- Java 8
- Hadoop 2.7.3
- Hive 2.1.1
- Python 3.6
Before the application is used, the first action to be taken is to navigate into the directory of the project by running cd CS3800-Coursework in the parent directory. This is because the root directory of the application is used for finding the appropriate subfolders. Also ensure that HIVE_HOME is an environmental variable set to point tot the root hive directory.
The application is started by starting HDFS and YARN using the command bash Start.sh in the CS3800-Coursework directory. Then the BX dataset can be loaded into the application by executing python3 Setup-BX.py, which will create the database if it does not exist.

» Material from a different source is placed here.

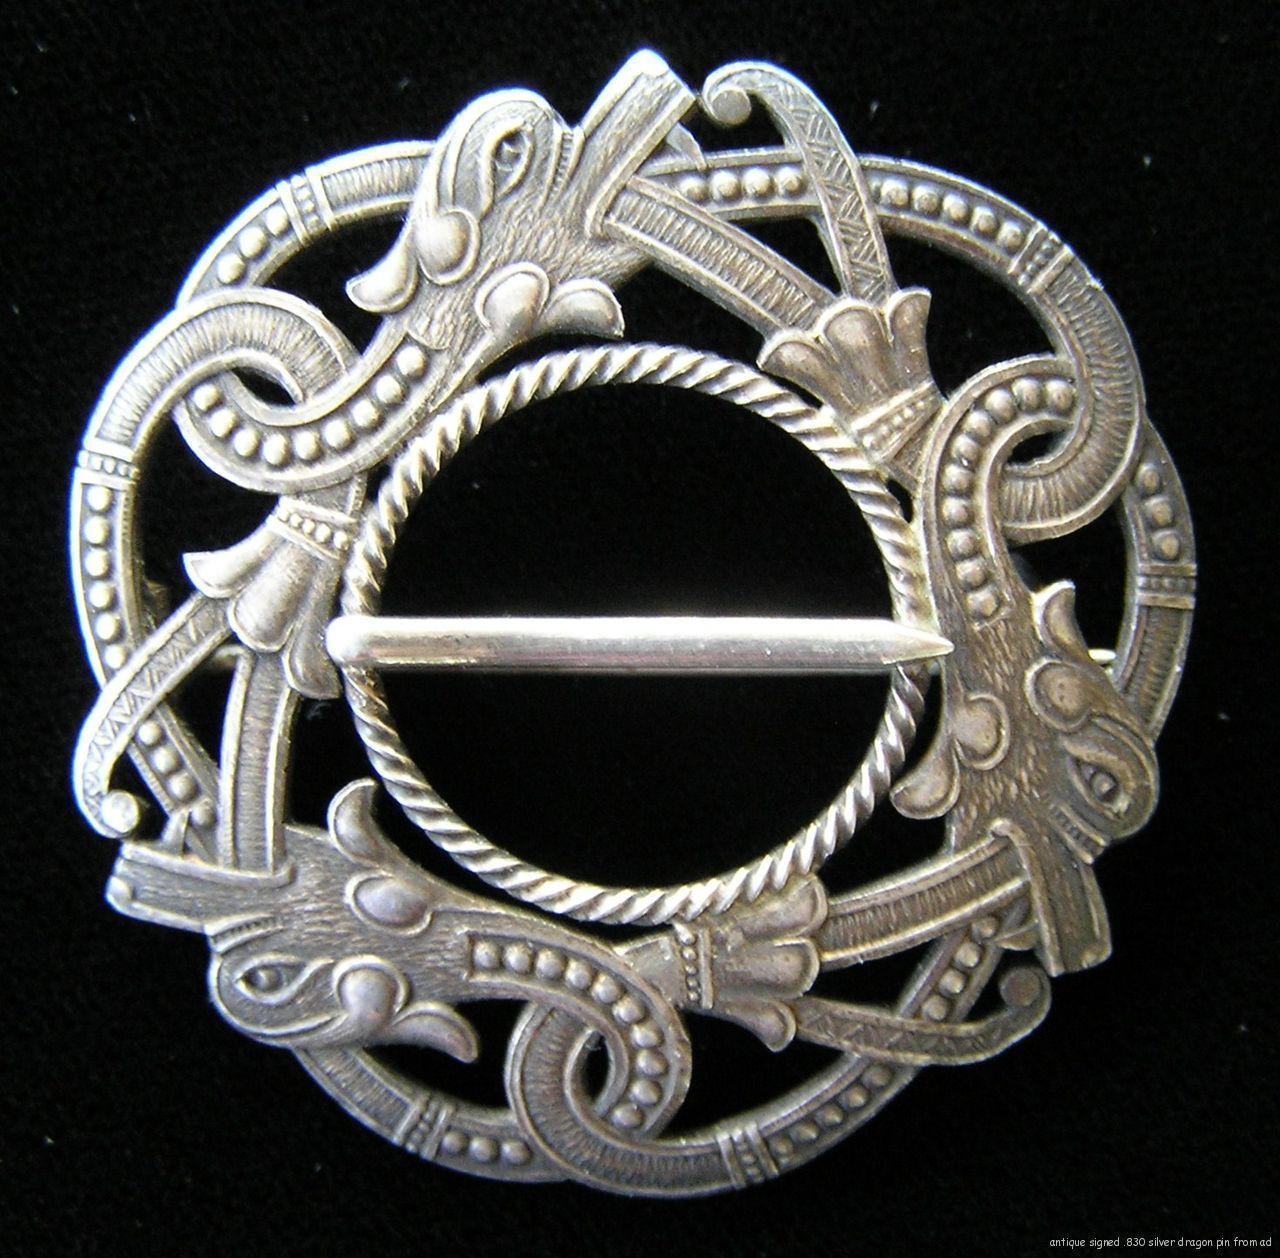 Antique Norwegian Norway Signed C Berg 830 Silver Solje Drage Dragon Pin Brooch Scandinavian Jewelry Viking Jewelry Norwegian Jewelry

Stop the application by issuing the command bash Stop.sh in the CS3800-Coursework directory. To delete the database, run the command python3 Teardown-BX.py BEFORE stopping the HDFS and YARN.
The BX.py file is the script which functions as the command line interface of the application. The script contains a number of services which can be invoked to generate reports using the BX dataset. An example of how to get the top 100 books with the overall best ratings can be obtained by typing python3 BX.py top-100-books, which run a hive query ad output the results in the terminal.
For a list of the available commands, type python3 BX.py help; however, be aware that some sscripts require additional arguments to be provides, such as the books-also-rated-with command, which require an ISBN as an extra argument. The commands which depend on additional arguments will alert the user that an extra argument is needed if invoked without the oppropriate number of arguments.